Future direction of farming

I ask Stuart what he thinks about the direction of farming? “I’m very positive, but I do find things disconcerting at this moment in time. When I started farming 10 years ago, I said to myself that I was going to take no interest whatsoever in political policies and subsidy schemes and the like, but everything is so inextricably linked it’s hard not to. “We should feel like we’re in a fantastic position, but I’m struggling to believe a word we’re told by our politicians. They are as detached from the land as the general public, yet are doing trade deals and implementing policies that have a direct impact on our industry, seemingly with no plan. It’s like they are palming our problems off on other countries for the popular vote. We stop farming and producing any methane over here, yet we can ship it from the other side of the world. “In the High Weald there isn't much you can do other than animal agriculture or coppicing. It’s no good for arable land as it’s too heavy and it isn't very fertile.” The future is very uncertain, he added, but with plenty of opportunities for risk-takers. “Most of what we have is rent free as we’re facilitating landowners’ stewardship schemes, but with the BPS going we’re not sure what will happen. “Presumably there is going to be more land available as a lot of businesses won’t be profitable. I can see more of a necessity to have environmental grazing, but you’ve got to have the animals that can handle it, so in that sense I hope our hard work will pay off.”
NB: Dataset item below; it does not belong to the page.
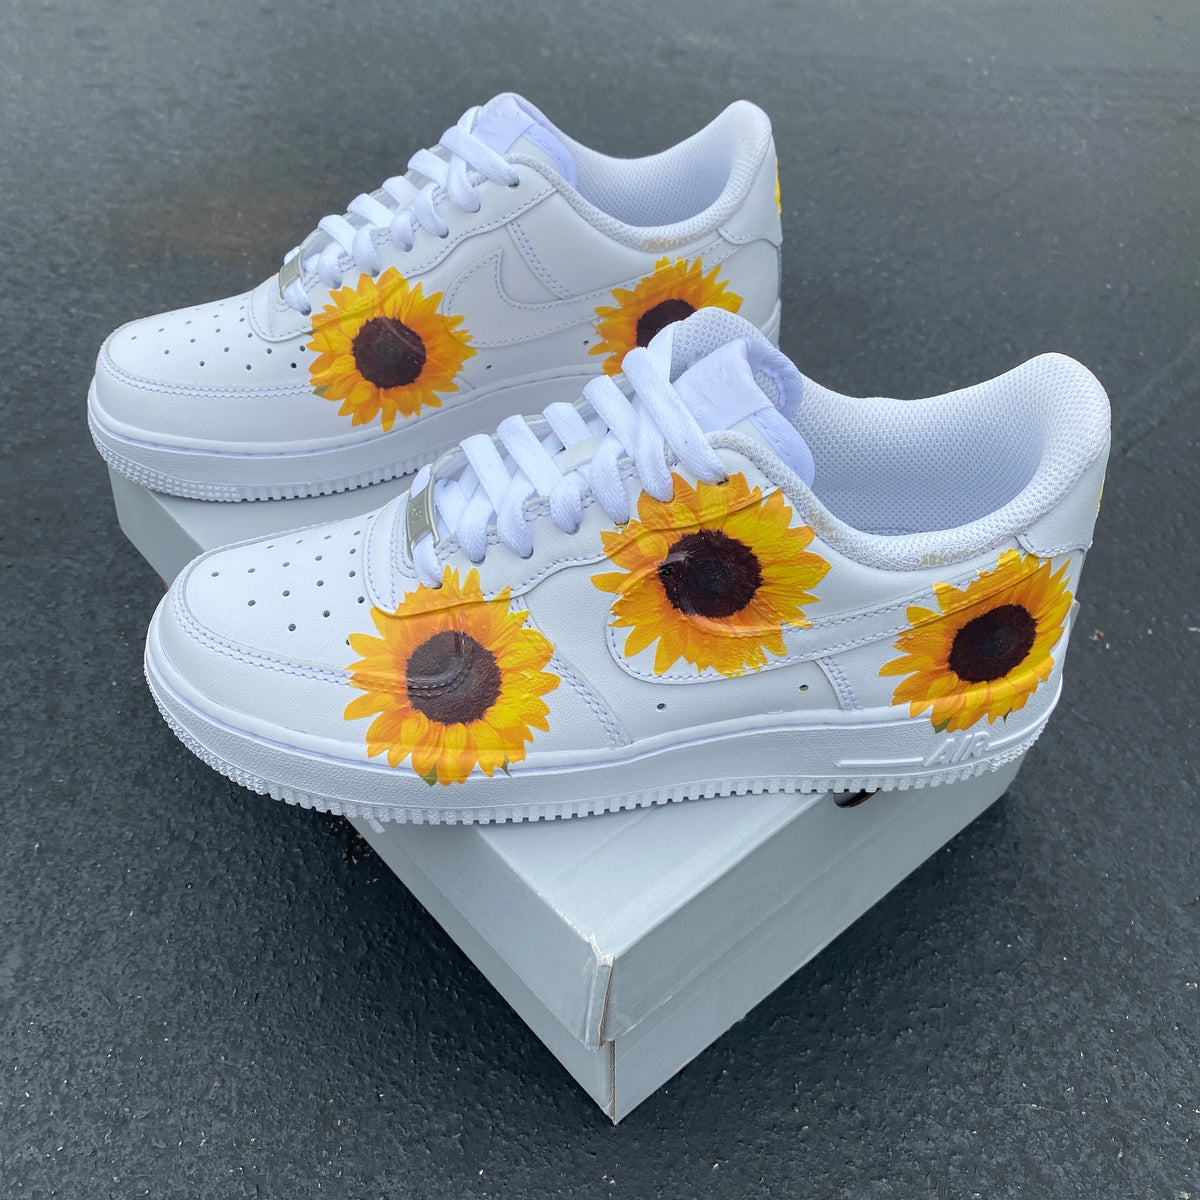 nike shoes sunflower

Family farming and future plans

Stuart and his son Fred

Stuart clearly loves what he does and so do his four children. “Being around farming instills an amazing mentality for kids growing up. You can see the things they do compared to their friends who are all on X-Boxes or phones, or can’t go for a family walk without whinging that its muddy. It’s such a can-do attitude that farming instills in you,” he said. “They learn from a young age that there is no knocking off at 5pm if there are still jobs to do. I love every minute of it.” At the time of our meeting, Stuart was on the cusp of signing a large share farming agreement but wasn’t able to say much more. He hopes this will enable him to double the number of sheep over the next five years, which will mean his wife Vicky can leave her job and join him on the farm. He added: “we are almost at the stage where we need to make a big investment and get set up butchering, or not expand at all. It’s quite a tricky situation.” In the meantime, he has started to diversify into cattle and pigs and plans to do pastured poultry. It’s hard to believe that a little over 10 years ago Stuart was working in an office and had zero farming knowledge.

Farm facts

• First-generation farmer – after 10 years as a naval architect in London

• Farms around 300 acres • Most land on temporary grazing licences, also has new FBT and new share farming agreement • 450 breeding Lleyn ewes. Two flocks – one organic and one conventional with plans to double this in next five years. Lambed outdoors in late April. • Flock of 20 pedigree Texels and produces own rams. • Performance recording with Signet and TexelPlus • Involved in PRLB group and AHDB Progressive Sheep Group • Integrating livestock into arable partnership with local regenerative arable farmer • Sells 50% of lambs through box scheme and to restaurants and 50% through livestock markets (Ashford and Colchester) • Passionate about educating farmers regarding regenerative methods and the public about where their food comes from. • Started a small beef enterprise buying weaned dairy calves to produce beef boxes • Also bought pigs and plans to do pastured poultry behind mob grazed sheep and cattle • Featuring in an upcoming BBC TV series scheduled to air in the spring.